* _What the task asks_: Once the pictures are removed, restate the listing word for word.

* _Data shown_:
▬▬▬
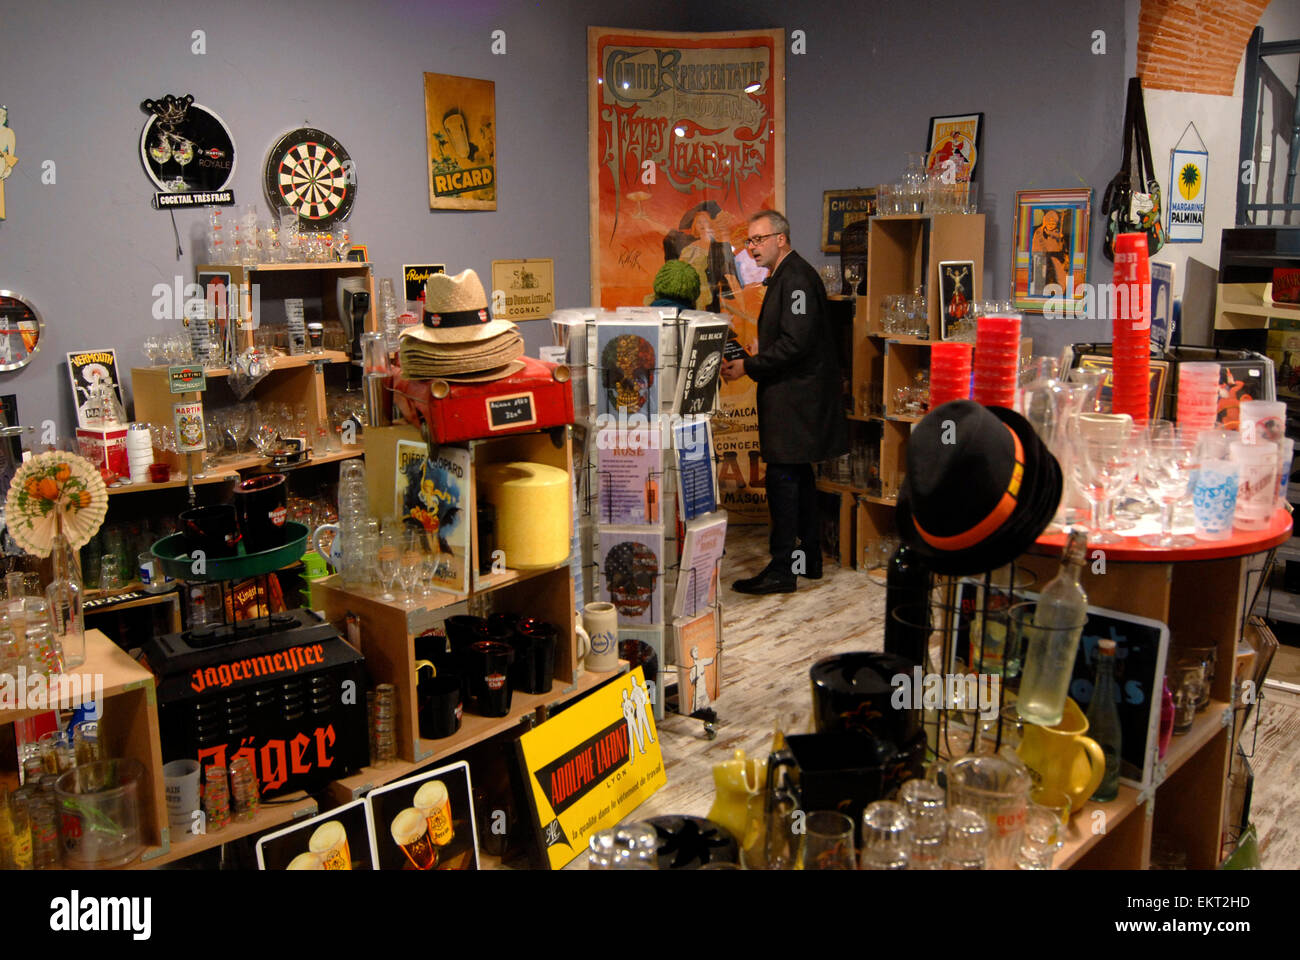 Antiques Shop Au Bazar de Beru ,Rue de Sainte Ursule Toulouse, Midi-Pyrénées, France - Stock Image
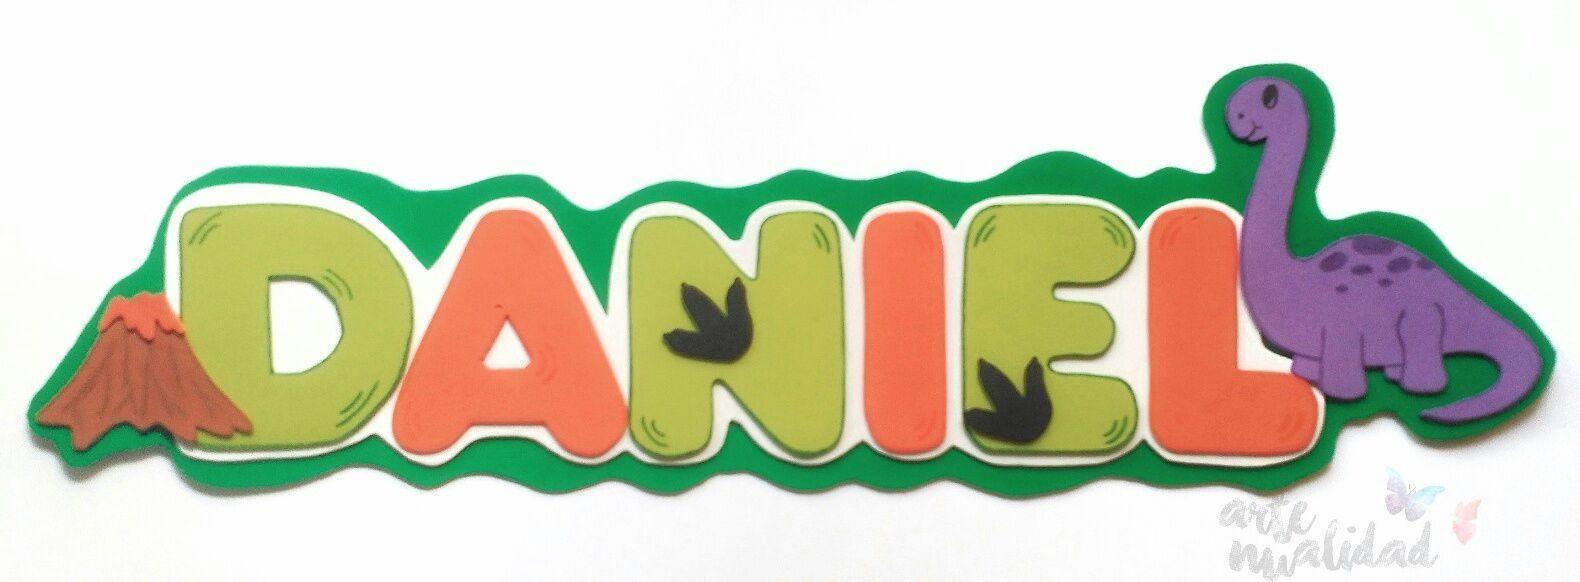 Nombre de la selva.
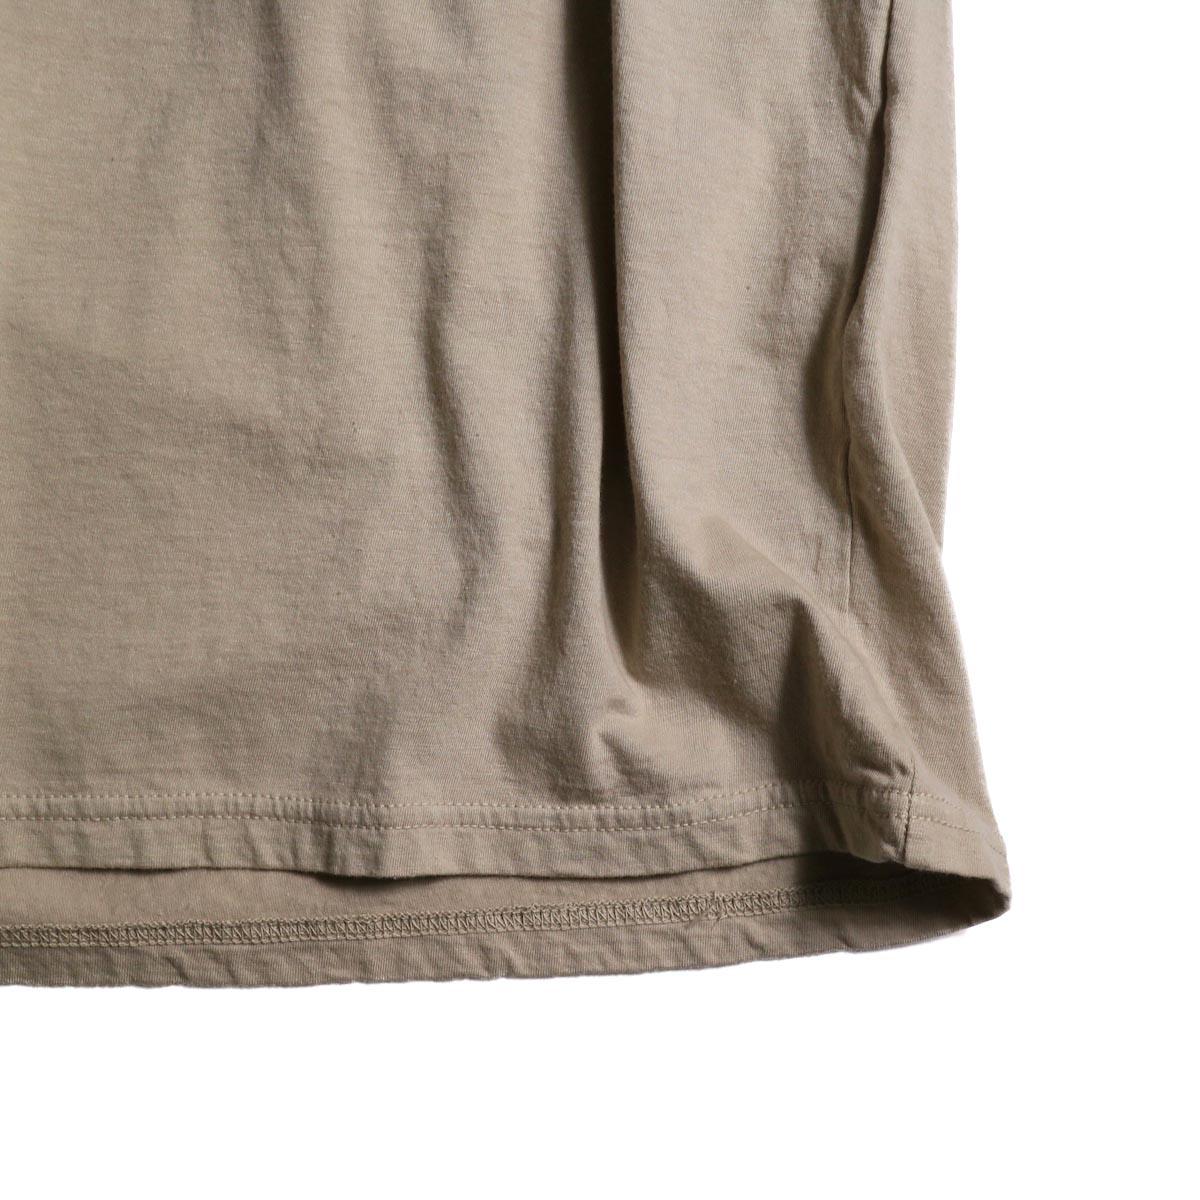 UNUSED / US1575 Crew Neck S/S Tee (Beige)裾
▬▬▬
* _Exercise solution_:
 Antiques Shop Au Bazar de Beru ,Rue de Sainte Ursule Toulouse, Midi-Pyrénées, France - Stock Image
 Nombre de la selva.
 UNUSED / US1575 Crew Neck S/S Tee (Beige)裾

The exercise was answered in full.